Freeplay returns in 2012, says goodbye to director

Freeplay returns in 2012, says goodbye to director

19th March 2012: Freeplay announced today that the 2012 Freeplay Festival will be held at the State Library of Victoria and beyond from 19­-23 September 2012.

Freeplay 2012 will see the return of its conference and workshop program, public expo, awards, local and international speakers, and its unique mix of games, industry, culture, education, and play, centred around this year’s theme of ‘ Chaos and Grace’.

The festival will explore the chaos of the creative process, of development, and of the political, social, and artistic culture that surround us. It will dig into attempts to transform that chaos into systems and rules, and it will look at the way grace seeps into the skin of our work.

Freeplay’s weekend program will once again take place at the State Library of Victoria on the weekend of the 22nd and 23rd of September.

Acting CEO and State Librarian, Sue Hamilton said “Games are an important way for people to engage with the world and with each other. They allow people to learn through interaction and develop new skills for managing complex thinking. Games succeed in this because they are intrinsically motivating; people play games because they enjoy it, not because they have to.

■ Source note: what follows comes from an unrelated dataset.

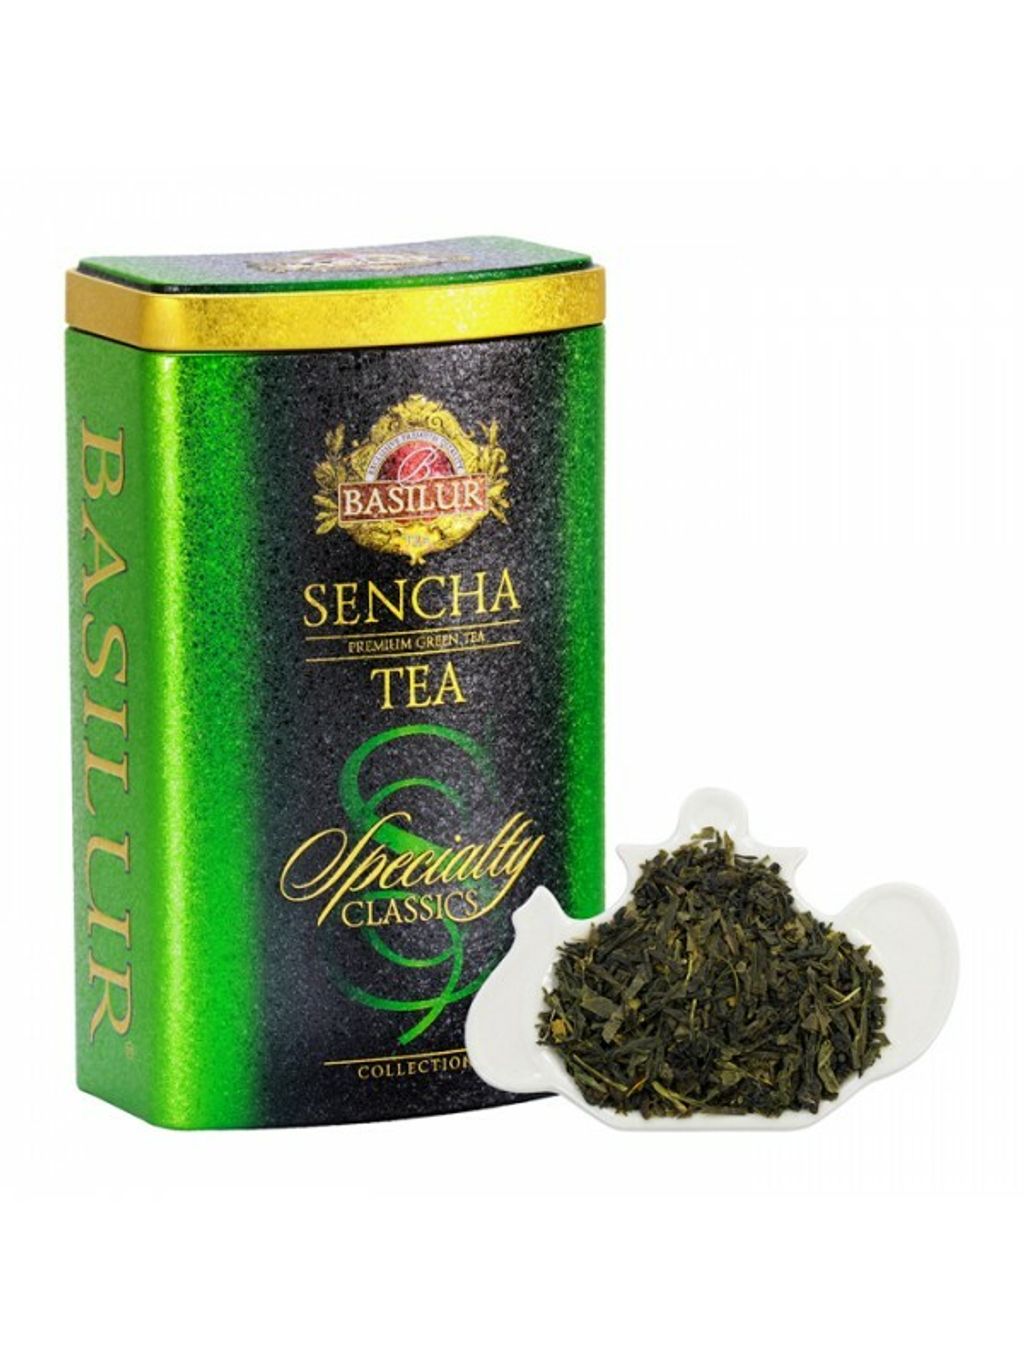 Sencha Green tea.jpeg

People also use libraries because they want to. In a modern library, collections take many forms -­ manuscripts, books, websites, digital media. Games are a fundamental part of this landscape, so it is important that libraries not only 'play' in this space, but encourage others to do so.”

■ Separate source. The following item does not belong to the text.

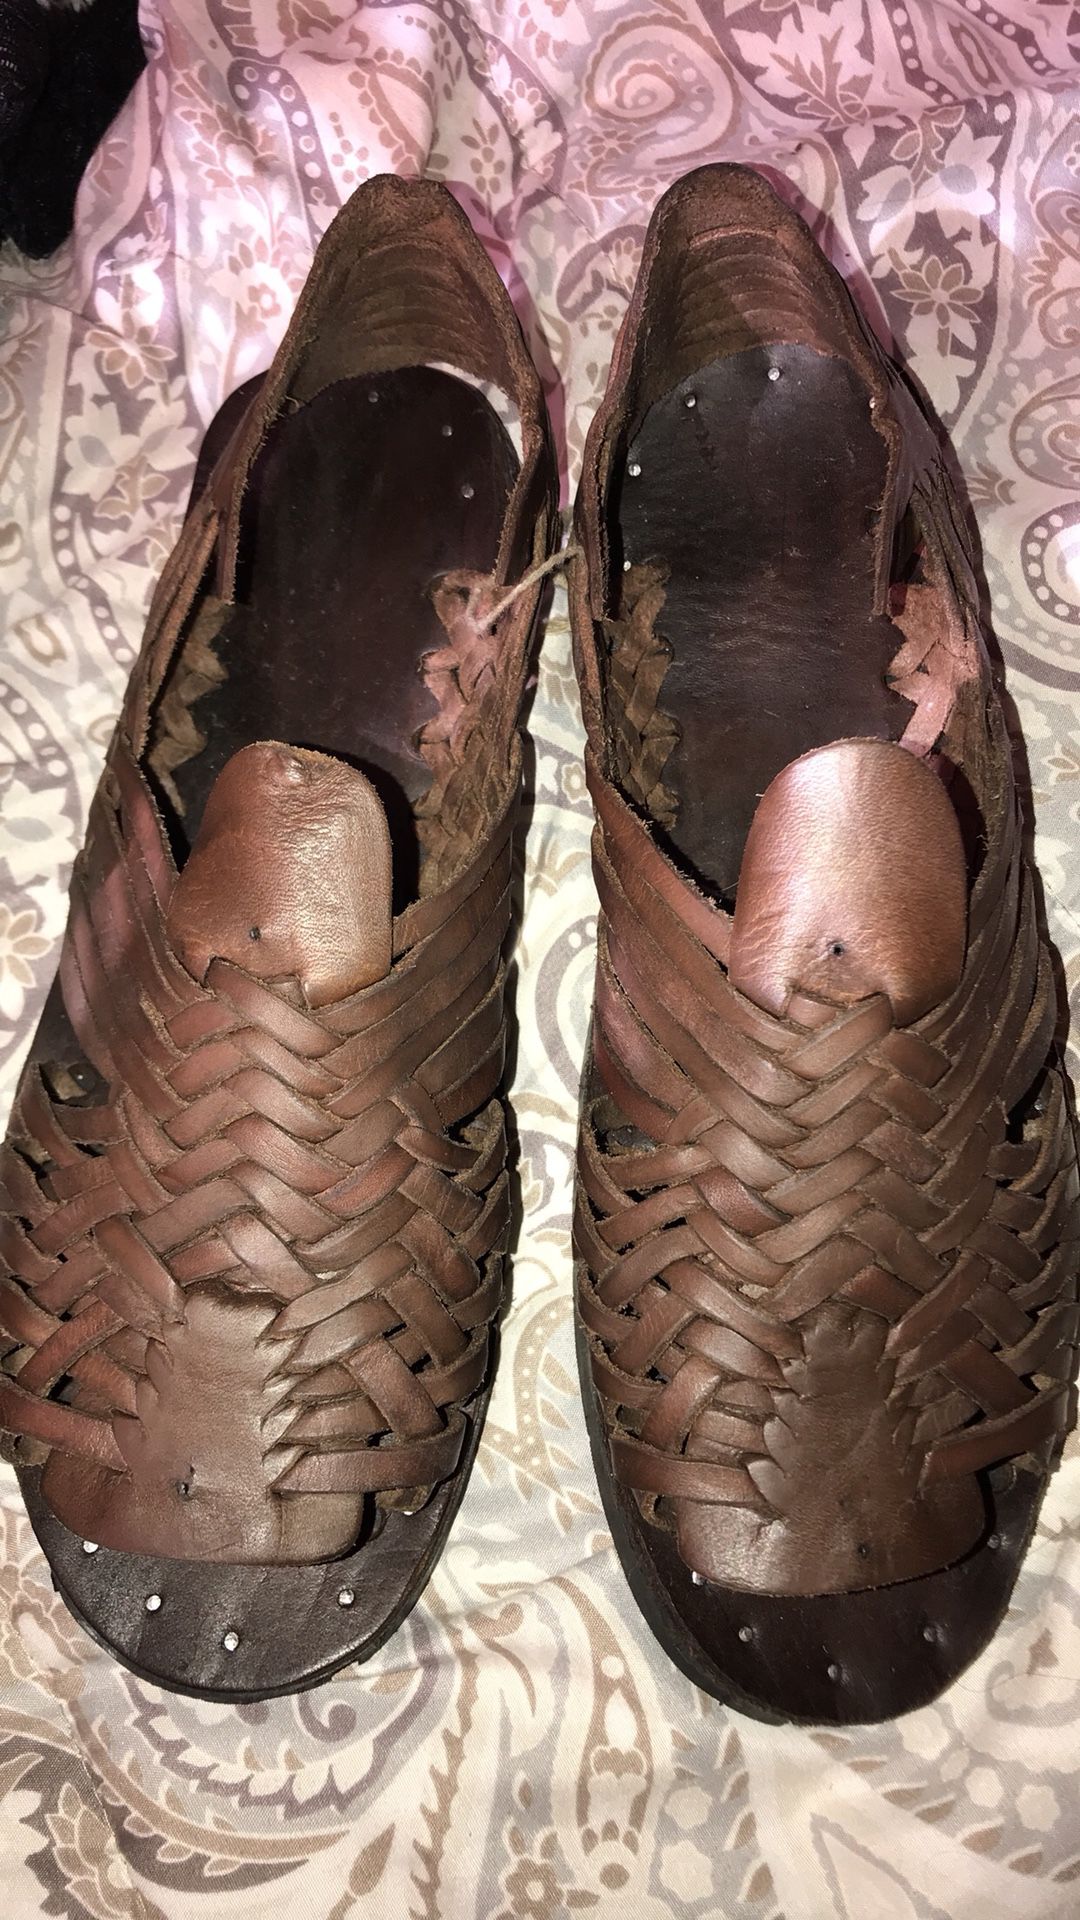 Chanclas Mexico sandals

Today, Freeplay also says goodbye to co­-director Eve Penford-Dennis who is moving on to focus on new projects.

Eve Penford-­Dennis said, “The Freeplay Independent Games Festival has been an enormously exciting event to run, and I feel very privileged to have been its co- director.

“It's always been important to me to promote, through Freeplay, the talent, and sheer ingenuity that people display when unencumbered by the weight

of conformity in mainstream game development. It has been both humbling and inspiring to work for a community that is so positive and passionate about games, their way.

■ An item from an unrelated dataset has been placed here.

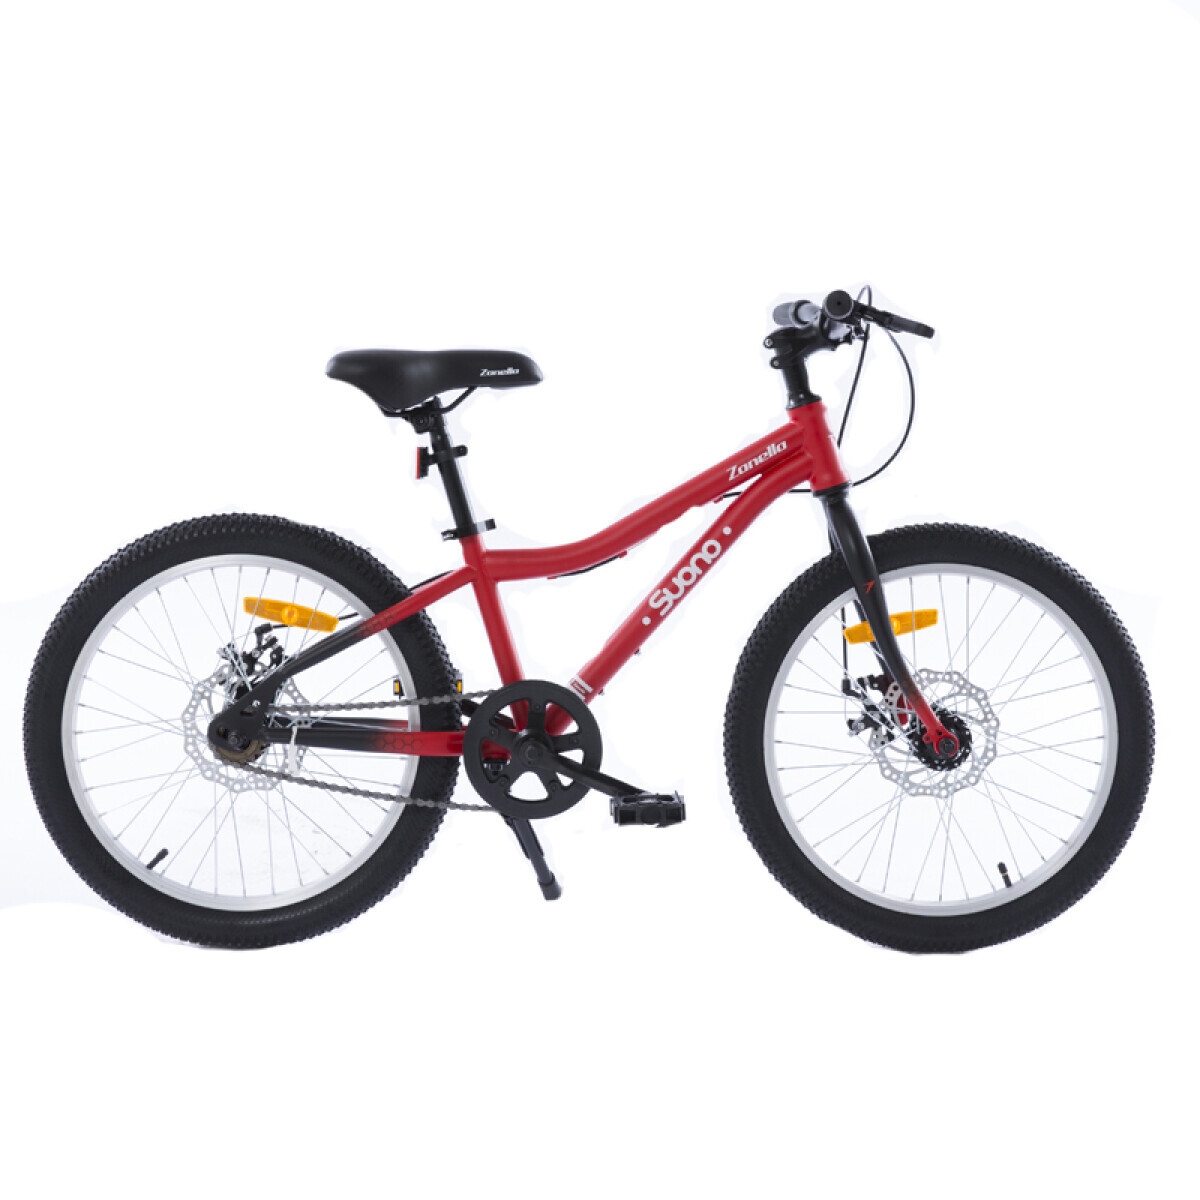 Bicicleta infantil Zanella Suono rod 20 Roja - 001

“Leaving something you've been an integral part of for a long time is always a difficult decision but I'm proud of how Freeplay has grown and transformed the

public conversation around games and play. In particular, I'm proud of the public program which drew over 1800 people through Experimedia in 2011, the awards which celebrate the best of Australian creative development to local and international audiences, and establishing Freeplay as a stand-alone organisation which I'm sure will support Freeplay long into the future.”

Current festival director Paul Callaghan will remain on to direct the 2012 festival before also pursuing new opportunities.

“It’s been an amazing experience working on Freeplay for so long and watching it evolve as we’ve gone from 600 attendees in 2009 to over 2000 in 2011, as the opportunities for independent game developers have grown and as games and play have shifted into the cultural mainstream. I’m looking forward to the 2012 festival being bigger and more ambitious before handing it over to somebody with a fresh perspective.”

Expressions of interest for the position of festival director will be available later in the year.